W5300 + I2S Audio Streaming Architecture Improvement
For Embedded Developers Working on Real-Time Audio over Ethernet
WIZnet - W5300
x 1
🔍 Original Architecture: Command-Driven Direct I2S Transmission
In the initial system, audio data sent from a PC is received by the W5300 Ethernet controller. The MCU then immediately forwards the data to the I2S peripheral via i2sWrite(). This approach tightly couples reception and playback.
✅ Pros:
Simple and easy to implement
Minimal latency in ideal conditions
❌ Cons:
Tightly coupled timing: audio data must be written exactly when I2S is ready
Risk of underrun or data loss, especially if transmission is delayed
Compressed audio codecs like OPUS or ADPCM introduce decoding latency → causes playback instability
🔄 Improved Architecture: Asynchronous Audio Queue Buffer
To solve timing issues, the system introduces an intermediate 8KB audio buffer, located inside the cmdAudio module. This buffer decouples network reception from I2S output.
Key Components:
Socket buffer (W5300): 8KB
Audio queue buffer (cmdAudio): 8KB
I2S ring buffer: 4KB
🧠 Why It Works
Removes the dependency between command timing and I2S availability
Supports buffered playback for compressed codecs
Allows for background processing, such as FFT or sample conversion
Enables flexible streaming with minimal jitter
🧩 Code Overview: Key Functions
1. cmdThreadUpdate() — Core processing loop
bool cmdThreadUpdate(void)
{
for (int i = 0; i < CMD_DRIVER_MAX_CH; i++) {
if (cmd[i].is_init == true) {
if (cmdReceivePacket(&cmd[i]) == true) {
ret |= cmdAudioProcess(&cmd[i]);
}
cmdAudioUpdate(&cmd[i]); // Runs continuously in background
}
}
}2. cmdAudioReady() — Returns available space in buffer
static void cmdAudioReady(cmd_t *p_cmd)
{
data.u32D = (AUDIO_Q_BUF_LEN - qbufferAvailable(&audio_q)) - 1;
data.u32D = data.u32D - (data.u32D % 2);
}
3. cmdAudioWrite() — Writes to audio buffer only
static void cmdAudioWrite(cmd_t *p_cmd, bool resp)
{
memcpy(&file_index, &p_cmd->packet.data[0], 4);
length = (p_cmd->packet.length - 4) / 2;
qbufferWrite(&audio_q, (uint8_t *)p_buf, length);
}
4. cmdAudioUpdate() — Sends data to I2S when ready
if (state == STATE_BEGIN)
{
q_Len = qbufferAvailable(&audio_q);
length = cmin(q_Len, p_type->availableForWrite(p_type->ch));
if (length > 0) {
qbufferRead(&audio_q, (uint8_t *)p_buf, length);
p_type->write(p_type->ch, (int16_t *)p_buf, length);
}
}
5. cmdAudioInit() — Abstracting I2S/SAI using function pointers
audio_type[AUDIO_TYPE_I2S].write = i2sWrite;
audio_type[AUDIO_TYPE_SAI].write = saiWrite;🎯 Where Can This Architecture Be Applied?

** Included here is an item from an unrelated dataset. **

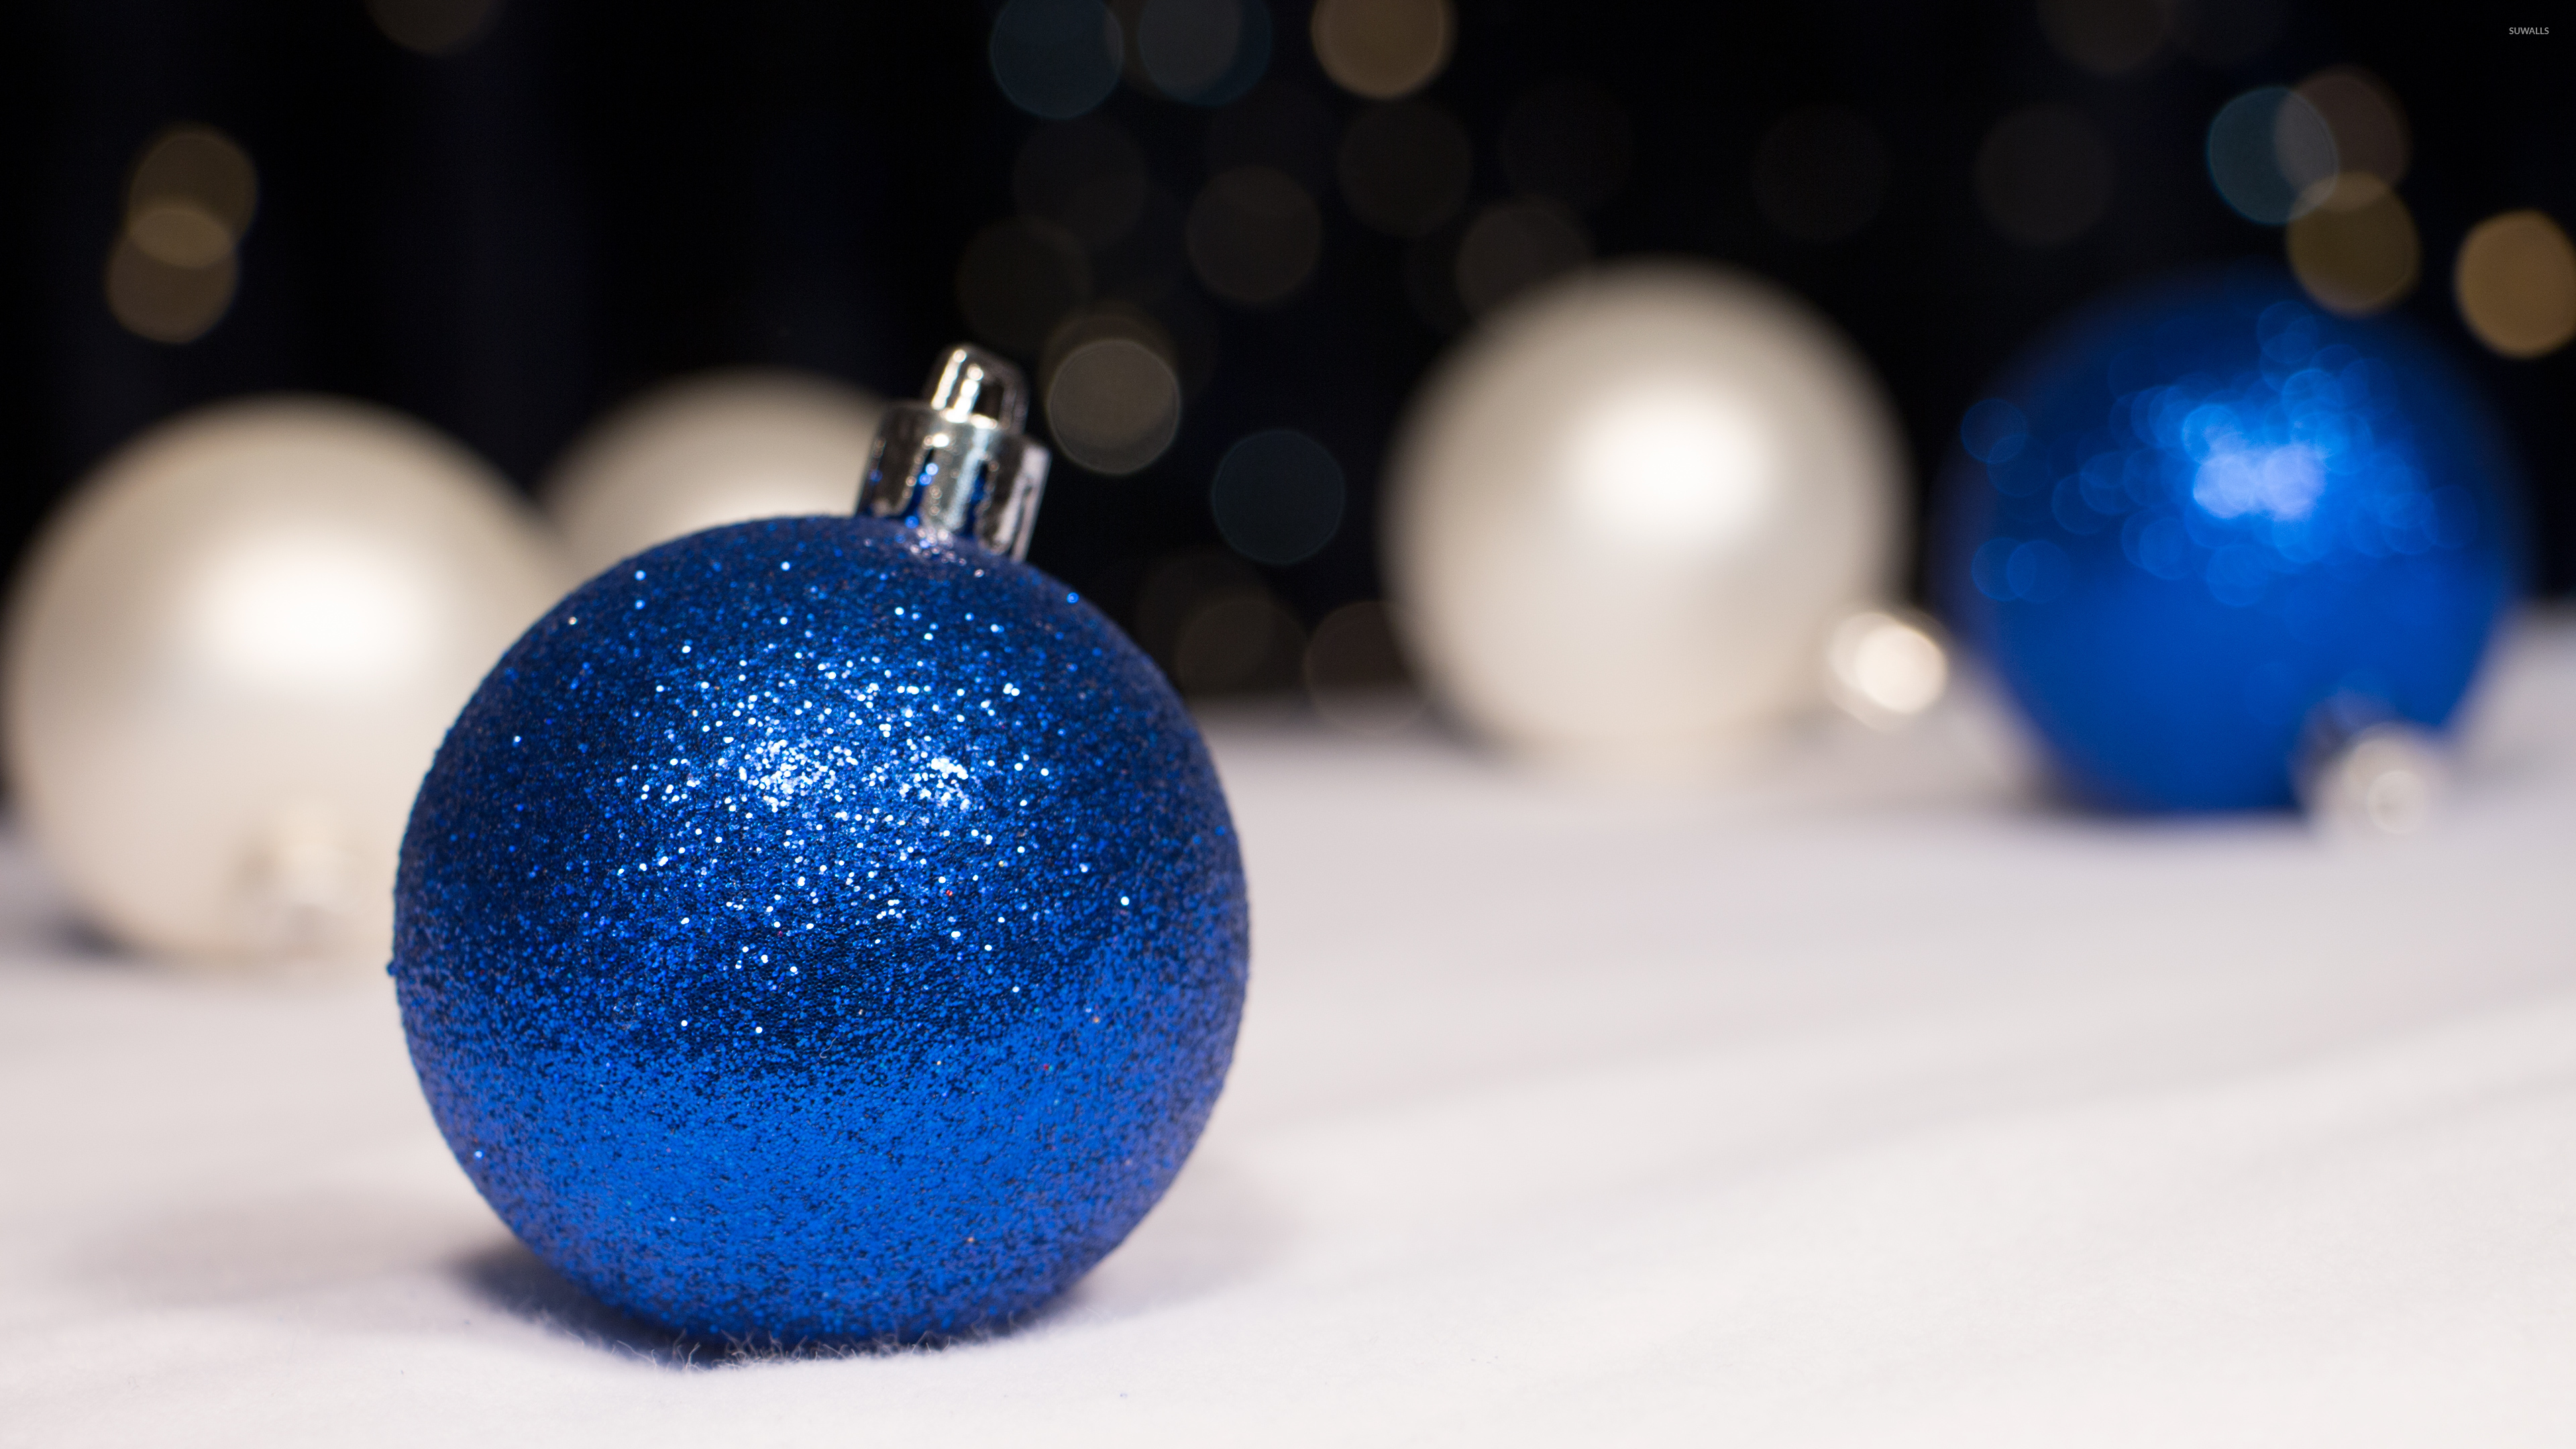 Blue sparkly ornament wallpaper - Holiday wallpapers - #51191

| MCU | Interface | Highlights |
|---|---|---|
| STM32 Series | I2S / SAI | Hardware audio blocks, DMA-friendly |
| NXP i.MX RT | I2S / SAI | High-performance RTOS streaming |
| RP2040 / RP2350 | PIO I2S | Software I2S via PIO + DMA (low-cost, flexible) |
| ESP32 | I2S | Integrated I2S with Wi-Fi capability |
💡 Why This Matters
This buffered streaming structure enables:
✅ Codec-ready architecture (e.g., OPUS, ADPCM)

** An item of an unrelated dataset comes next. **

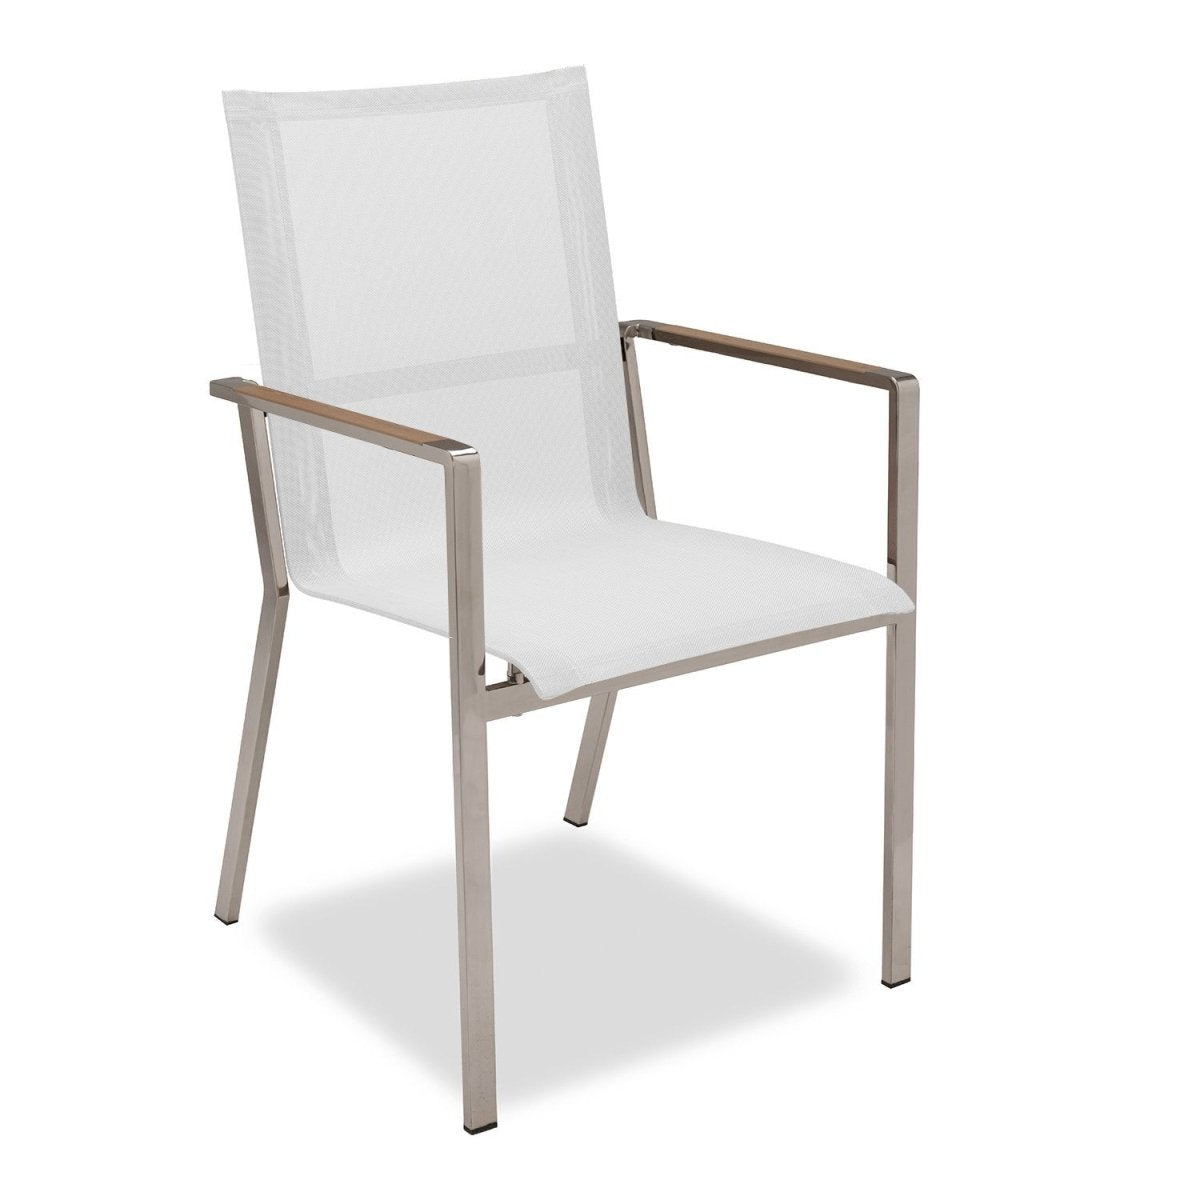 Lucerne Carver Chair in white with Teak inlays

✅ Decoupled design for robust audio playback
✅ Multi-platform MCU support
✅ Real-time DSP/FFT possibilities in background
🚀 Even Better with W6300: A Modern, SPI-Based Alternative
While the W5300 delivers excellent performance, it relies on a parallel bus, which requires many MCU GPIOs and introduces routing complexity. An alternative is WIZnet’s W6300, which uses QSPI (Quad SPI) for high-speed Ethernet.
W6300 Advantages:
| Feature | W5300 (Parallel) | W6300 (QSPI) |
|---|---|---|
| Interface type | parallel bus | QSPI (4-wire QSPI) |
| MCU compatibility | GPIO-heavy, timing-sensitive | QSPI |
| Max throughput | ~80Mbps | ~91 Mbps @ Quad QSPI |
| PCB design | Complex | Simple, compact |
| Peripheral SPI possibility | Limited | Supports basic SPI using Single QSPI mode(2-wire) |
| RP2040 & RP2350 integration | Possible | Possible |
If you're redesigning your audio streaming system — especially on a compact or resource-constrained board — W6300 is a modern, viable replacement for W5300.